The most obvious reason is that there is often no time sequence in the values. So if you jumble the data, it makes no difference in the information conveyed by the data. If we follow your method, then every time you jumble the data you get a different sample variance.
The more theoretical answer is that sample variance estimates the true variance of a random variable. The true variance of a random variable $X$ is
$$E\left[ (X - EX)^2 \right]. $$
Here $E$ represents expectation or "average value". So the definition of the variance is the average squared distance between the variable from its average value. When you look at this definition, there is no "time order" here since there is no data. It is just an attribute of the random variable.
When you collect iid data from this distribution, you have realizations $x_1, x_2, \dots, x_n$. The best way to estimate the expectation is to take the sample averages. The key here is that we got iid data, and thus there is no ordering to the data. The sample $x_1, x_2, \dots, x_n$ is the same as the sample $x_2, x_5, x_1, x_n..$
EDIT
Sample variance measures a specific kind of dispersion for the sample, the one that measures the average distance from the mean. There are other kinds of dispersion like range of data, and Inter-Quantile range.
Even if you sort your values in ascending order, that does not change the characteristics of the sample. The sample (data) you get are realizations from a variable. Calculating the sample variance is akin to understanding how much dispersion is in the variable. So for example, if you sample 20 people, and calculate their height, then those are 20 "realizations" from the random variable $X = $ height of people. Now the sample variance is supposed to measure the variability in the height of individuals in general. If you order the data
$$ 100, 110, 123, 124, \dots,$$
that does not change the information in the sample.
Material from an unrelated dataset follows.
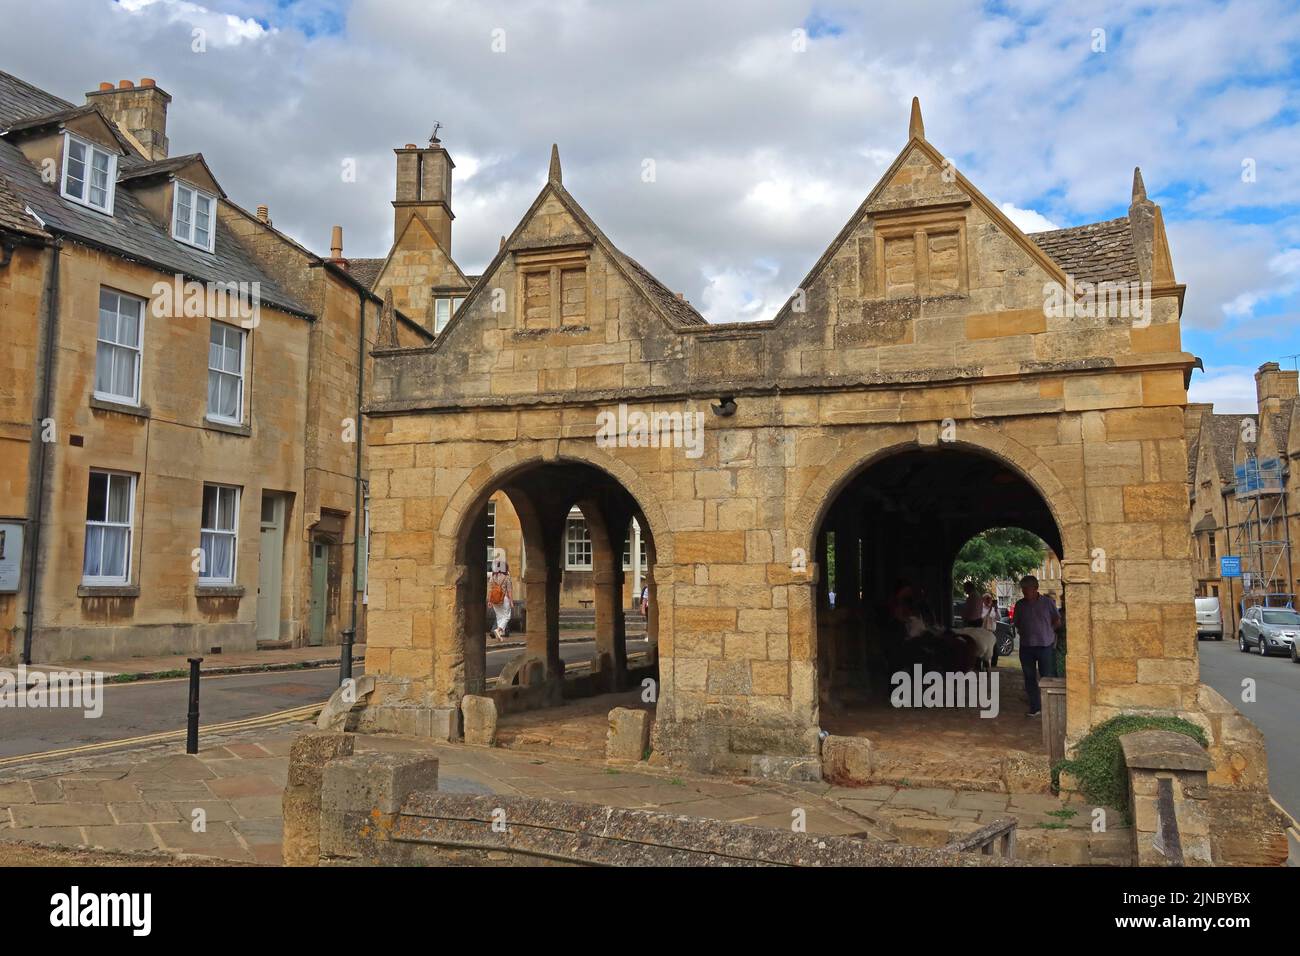 1627 Market Hall , High Street, Chipping Camden, Cotswolds Market Town, Cotswold, Oxfordshire, Angleterre, Royaume-Uni, GL55 6AA Banque D'Images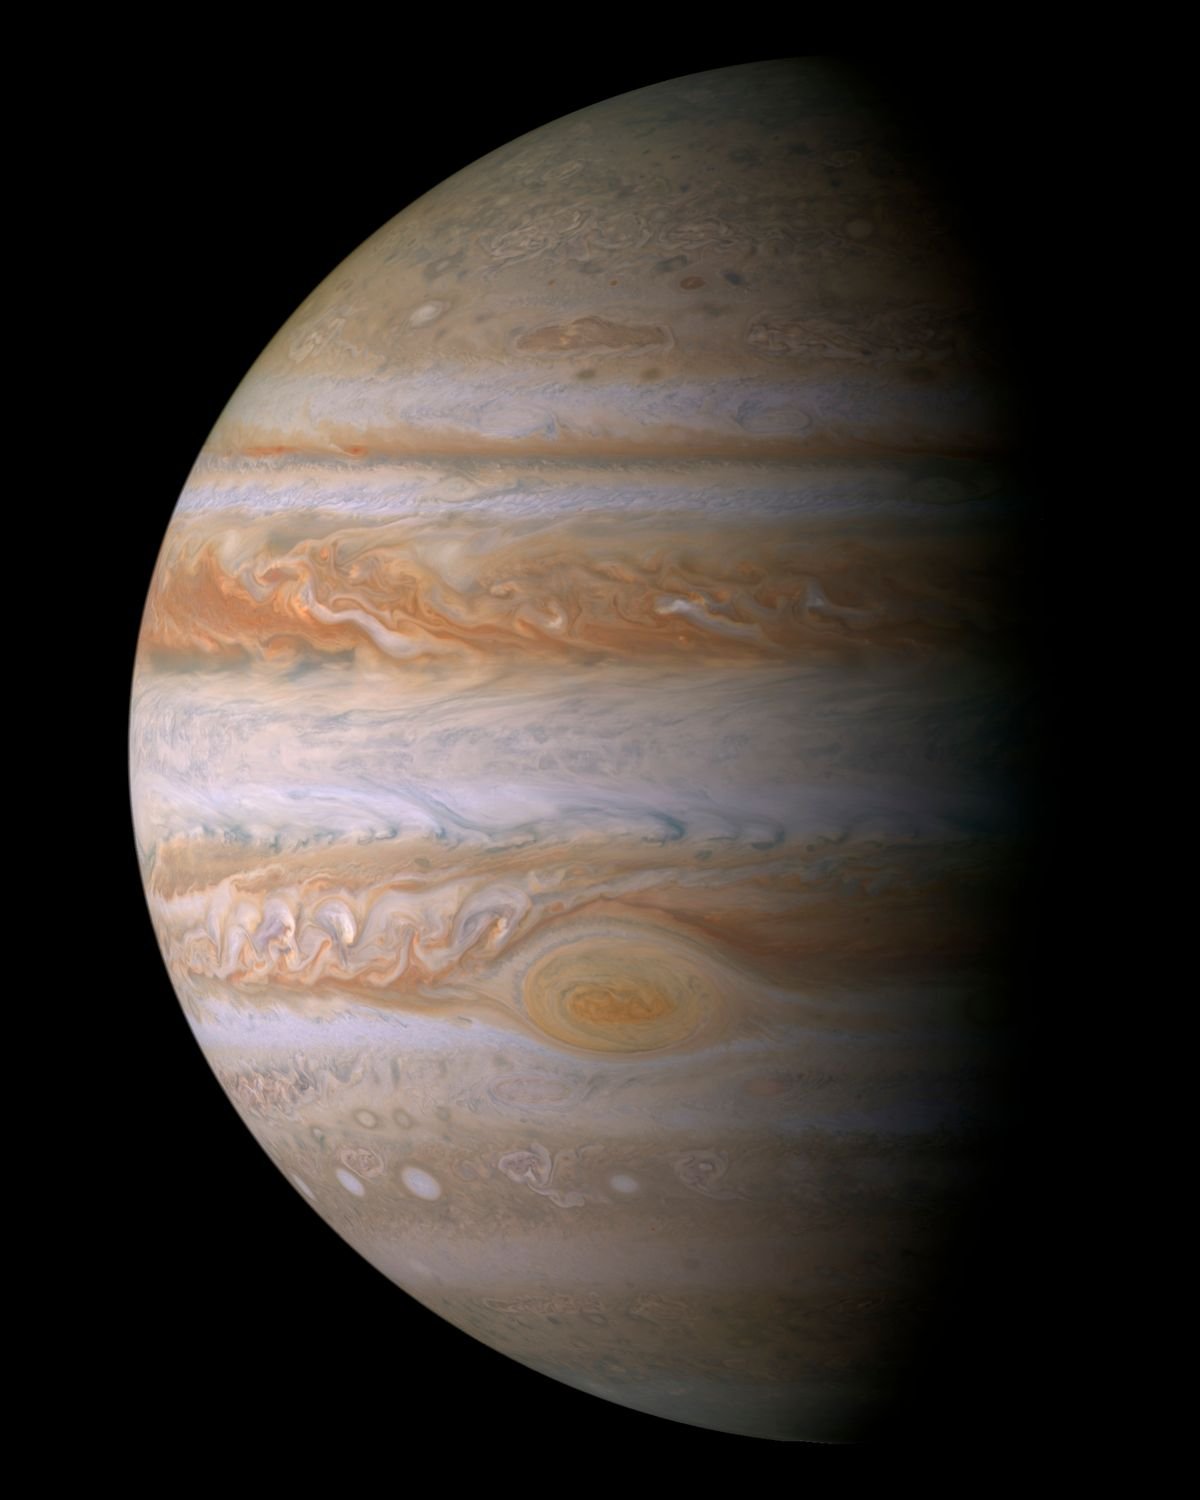 Jupiter’s Great Red Spot: A 300-year-old cyclone persists but is shrinking

Lets look at one more example. lets say you have 100 observations from a random variable ordered in this way $$1, 2, 3, 4, 5, 6, 7, 8, 9, 10, 11, 12, 13, 14, ... 100.$$ Then the average subsequent distance is 1 units, so by your method the variance will be 1.
The way to interpret "variance" or "dispersion" is to understand what range of values are likely for the data. In this case you will get a range of .99 unit, which of course does not represent the variation well.
If instead of taking average you just sum the subsequent differences, then your variance will be 99. Of course that does not represent the variability in the sample, because 99 gives you the range of the data, not a sense of variability.